The DriaDataset class serves as the foundation of Dria's data generation framework. It provides a structured way to create, manage, and persist data throughout the generation process.

Data Persistence

  • All generated data is automatically saved to the dataset
  • Intermediate steps in multi-stage generation processes are preserved
  • Failed generation attempts are tracked and stored

Flexible Initialization

  • Start with an empty dataset
  • Initialize with existing data (e.g., from Hugging Face datasets)
  • Augment existing data or use existing data as instructions

Data Management

  • Schema validation ensures data consistency
  • Multiple import/export options for compatibility
  • Structured handling of complex datasets

Basic Usage

Dria SDK operates through DriaDataset.

Import packages

from pydantic import BaseModel
from dria import DriaDataset

Define a pydantic schema

# Define your schema
class MySchema(BaseModel):
    text: str
    label: int

Create a DriaDataset

# Create dataset
dataset = DriaDataset(
    name="my_dataset",
    description="Example dataset",
    schema=MySchema,
)

Create From Existing

DriaDataset can be initialized with existing data.

From HuggingFace

Create dataset by:

from dria import DriaDataset
from pydantic import BaseModel, Field
from typing import List

class ConversationItem(BaseModel):
    from_: str = Field(..., alias="from")
    value: str

class ConversationData(BaseModel):
    conversations: List[ConversationItem]

my_dataset = DriaDataset.from_huggingface(name="subquery_data", description="A list of query and subqueries", dataset_id="andthattoo/subqueries", schema=ConversationData)

Reload data by using the same name and schema :

class ConversationItem(BaseModel):
    from_: str = Field(..., alias="from")
    value: str

class ConversationData(BaseModel):
    conversations: List[ConversationItem]

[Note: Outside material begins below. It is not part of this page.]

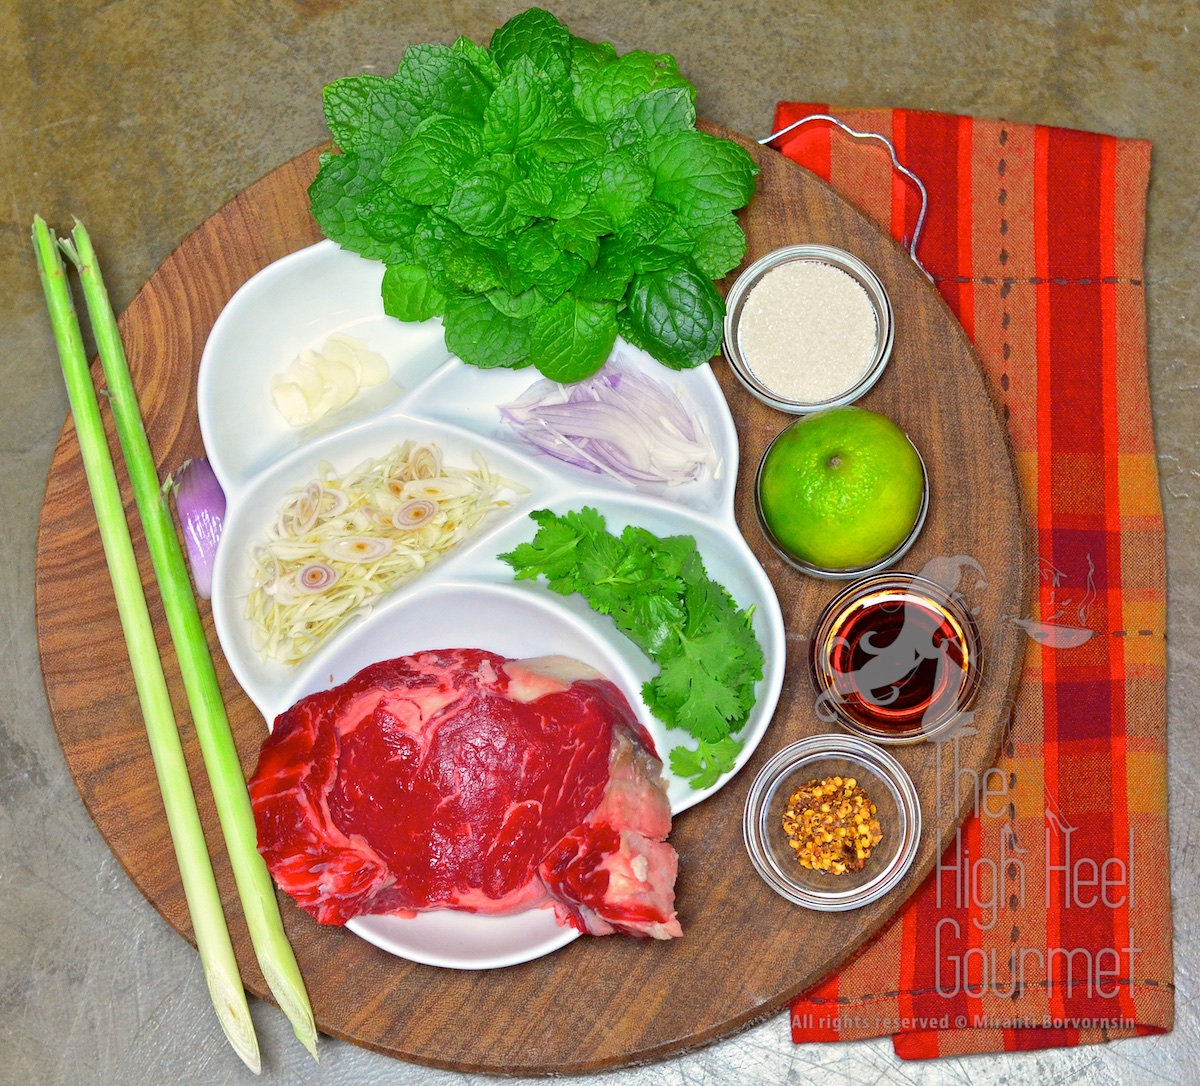 Thai Grilled Beef Salad - Yum Neau Yang by The High Heel Gourmet 10

my_dataset = DriaDataset(name="subquery_data", description="A list of query and subqueries", schema=ConversationData)

From JSON & CSV

Same method applies for JSON and CSV files.

For JSON:

dataset = DriaDataset.from_json(
    name="json_dataset",
    description="Dataset from JSON",
    schema=MySchema,
    json_path="data.json"
)

For CSV files:

dataset = DriaDataset.from_csv(
    name="csv_dataset",
    description="Dataset from CSV",
    schema=MySchema,
    csv_path="data.csv",
    delimiter=",",
    has_header=True
)